Perturbative expansion in gauge theories on compact manifolds

TL;DR

This paper presents a geometric perturbative method for quantum gauge theories on compact manifolds, refining gauge-fixing to avoid infrared divergences and applying it to compute partition functions in Chern-Simons theory.

Contribution

It introduces a refined gauge-fixing approach that handles ambiguities and infrared issues, enabling perturbative expansions on compact manifolds for gauge theories like Chern-Simons.

Findings

Perturbative expansions are possible on simple compact manifolds.

The method avoids infrared divergences with isolated critical points.

Partition functions are shown to be metric-independent in examples.

Abstract

A geometric formal method for perturbatively expanding functional integrals arising in quantum gauge theories is described when the spacetime is a compact riemannian manifold without boundary.
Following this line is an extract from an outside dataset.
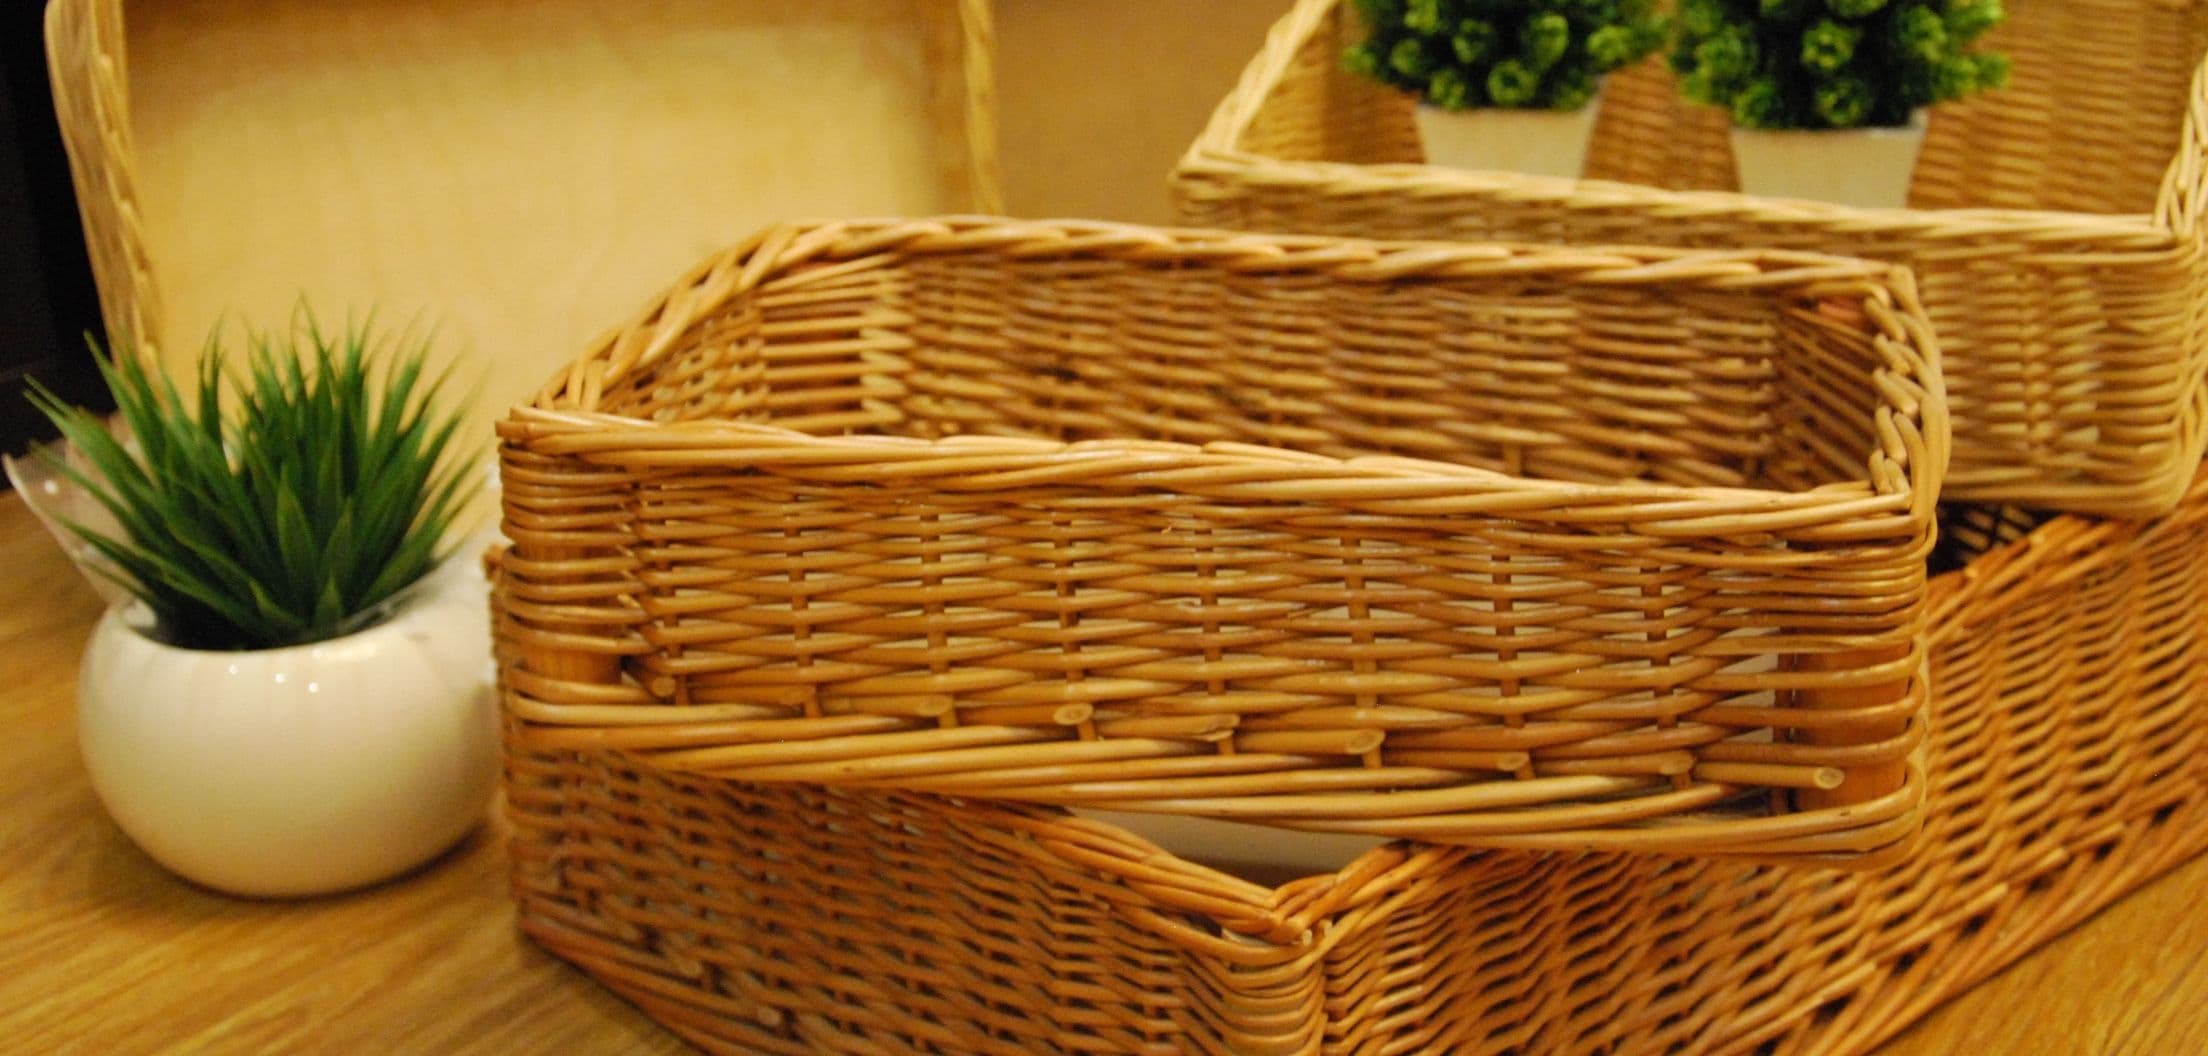 Плетенные корзины купить в интернет-магазине в Москве для подарков и пикника

This involves a refined version of the Faddeev-Popov procedure using the covariant background field gauge-fixing condition with background gauge field chosen to be a general critical point for the action functional (i.e. a classical solution). The refinement takes into account the gauge-fixing ambiguities coming from gauge transformations which leave the critical point unchanged, resulting in the absence of infrared divergences when the critical point is isolated modulo gauge transformations. The procedure can be carried out using only the subgroup of gauge transformations which are topologically trivial, possibly avoiding the usual problems which arise due to gauge-fixing ambiguities. For Chern-Simons gauge theory the method enables the partition function to be perturbatively expanded for a number of simple spacetime manifolds such as $S^3$ and lens spaces, and the expansions are shown to be formally independent of the metric used in the gauge-fixing.